The focus of this film is a case in Greenwich, Conn., where Marshall is to defend a black man accused of raping a well-to-do white socialite. It's simple in the state's mind -- black chauffeur Joseph Spell (Sterling K. Brown) stands accused by his white employer Eleanor Strubing (Kate Hudson) of assaulting her, tossing her in a river and leaving her for dead. But nothing is so open and shut when it comes to racially motivated cases.
When Marshall arrives in town, his first question for the defendant is the obvious one -- did you do it? And when Spell's answer leaves little doubt, Marshall proceeds to offer up a defense. But there is another hurdle to overcome.
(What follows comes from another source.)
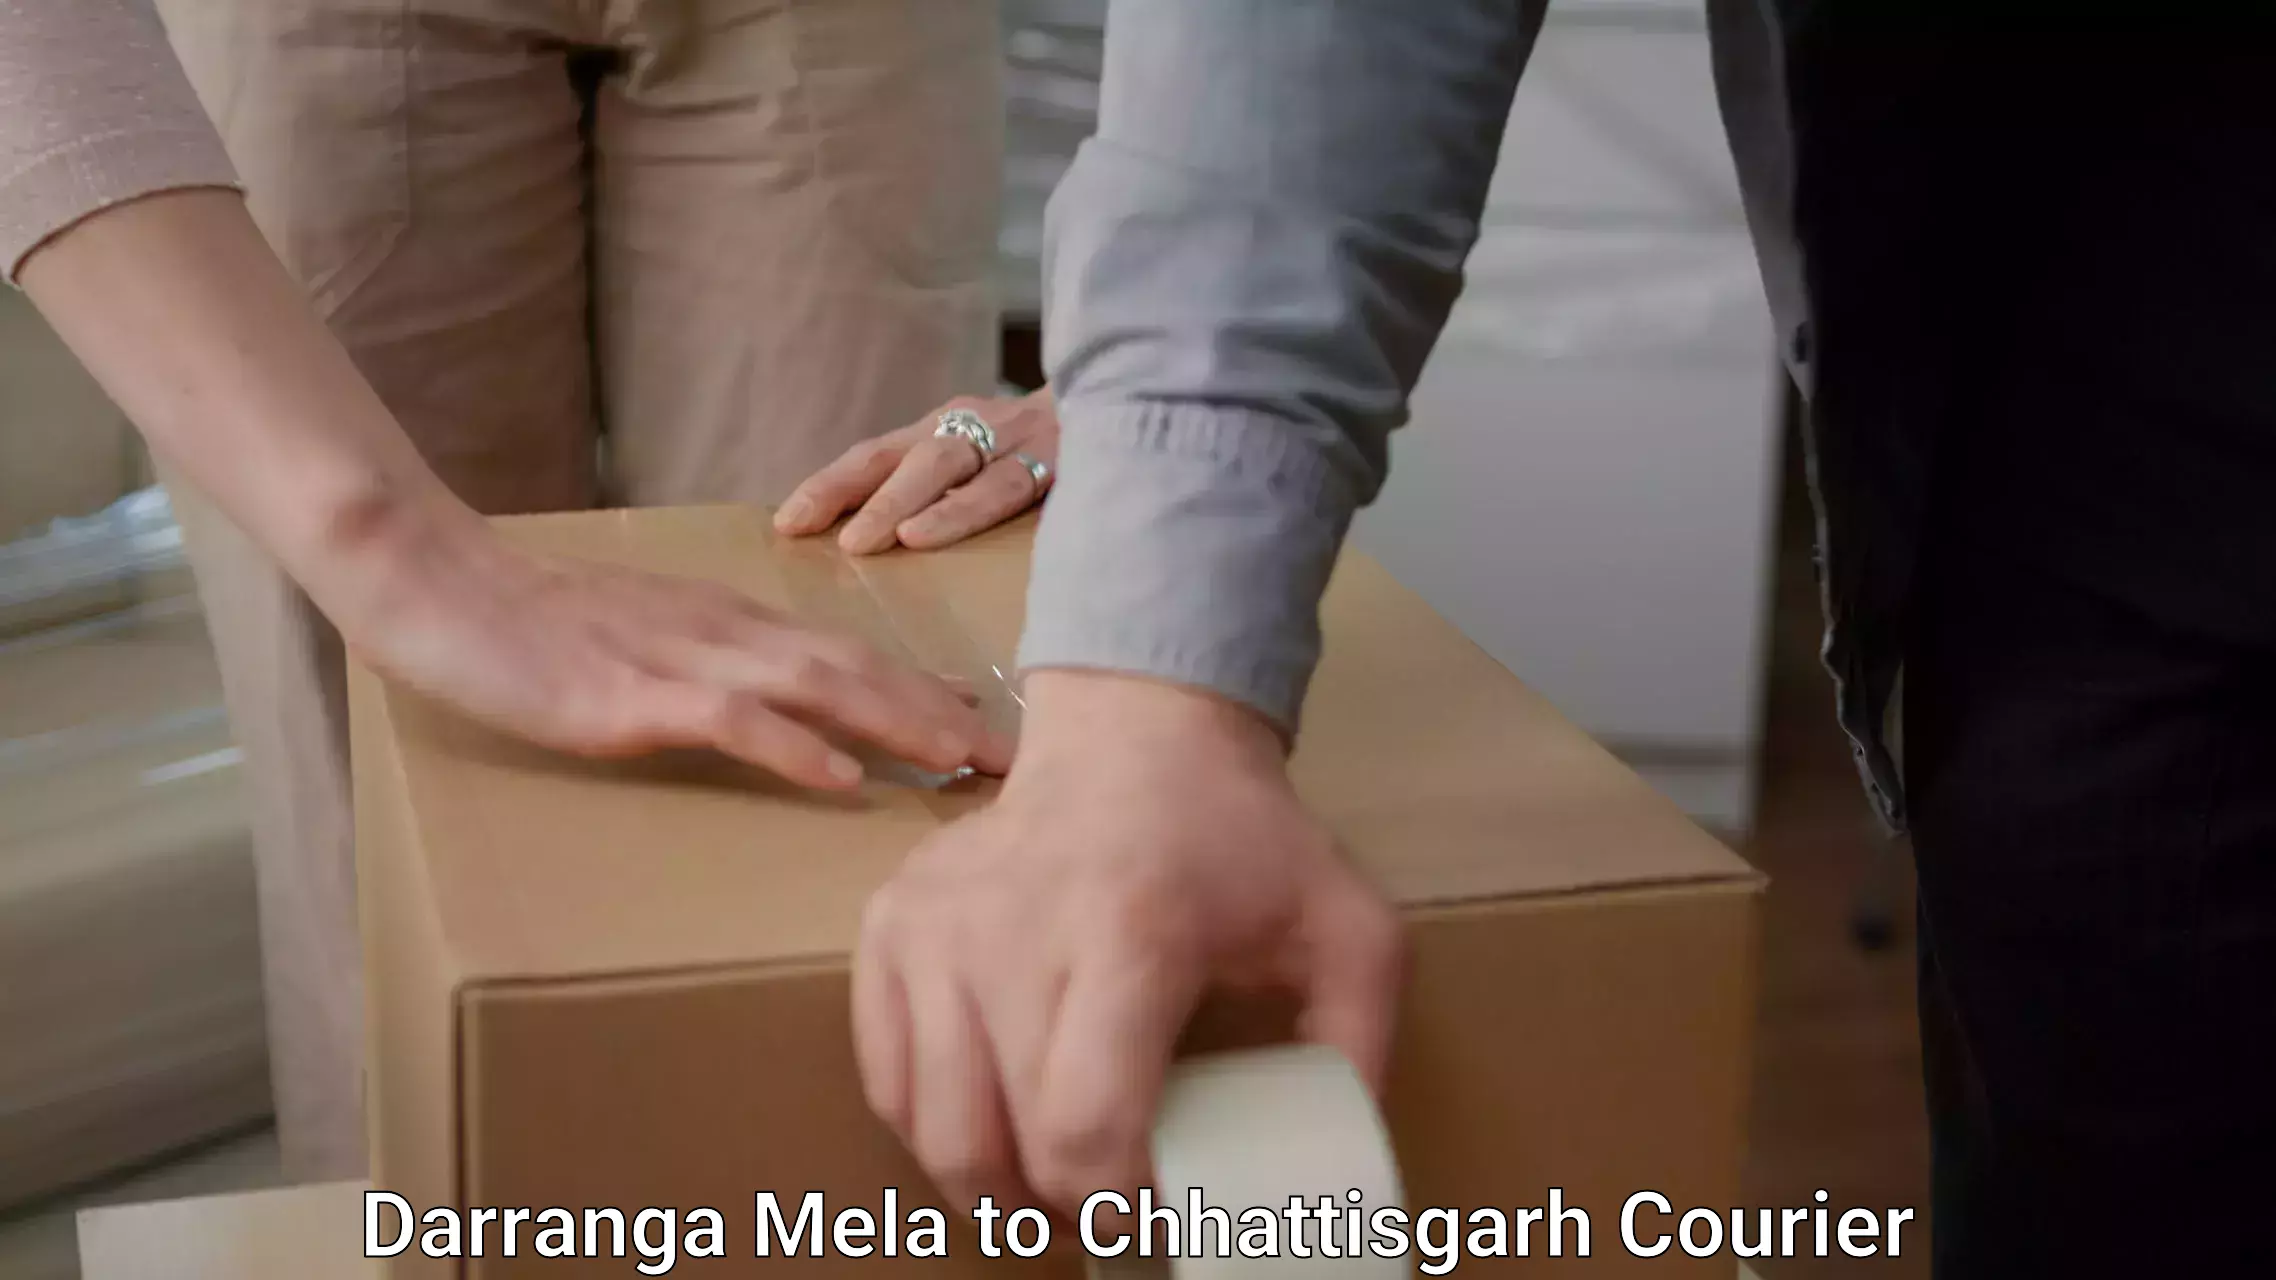 Efficient packing and moving Darranga Mela to Sakti

Judge Foster (James Cromwell) will not let Marshall try the case and forces local attorney Sam Friedman (Josh Gad) to proceed. Friedman thought he was only there to ask that Marshall defend Spell and is none too pleased to be in the thick of things. Can justice be found for everyone in this case?
I like the fact that the film details the racial struggles that were present within the country. I love that it utilizes an iconic historical figure to show that even one person can make a difference.
Boseman is solid in his portrayal of the legendary litigator. He shows the courage of conviction needed to proceed past all of the roadblocks that were constantly placed in Marshall's way. Coupling him with Gad makes for a good representation of the actual lawyers and the situations that they dealt with.
My issue is simply this -- Marshall is more of a procedural courtroom film and less of a historical biopic. If you are looking for more of Thurgood Marshall's history, this isn't the film for you. This film is not about Marshall's illustrious career. Instead, it focuses on a single case and the ramifications of it. In doing so, it only briefly touches on the makeup of this iconic historical figure.
And I need to mention, for a PG-13 rating, this gets a bit rough. There's harsh foul language and some extended detail of the alleged rape sequence that is quite uncomfortable for the rating.
Thurgood Marshall's story needs to be told. We need to see how one man can change the evil in society and inspire others to do the same. That happened, and we should know that it happened. I just think it should focus more on the whole and less on one specific case.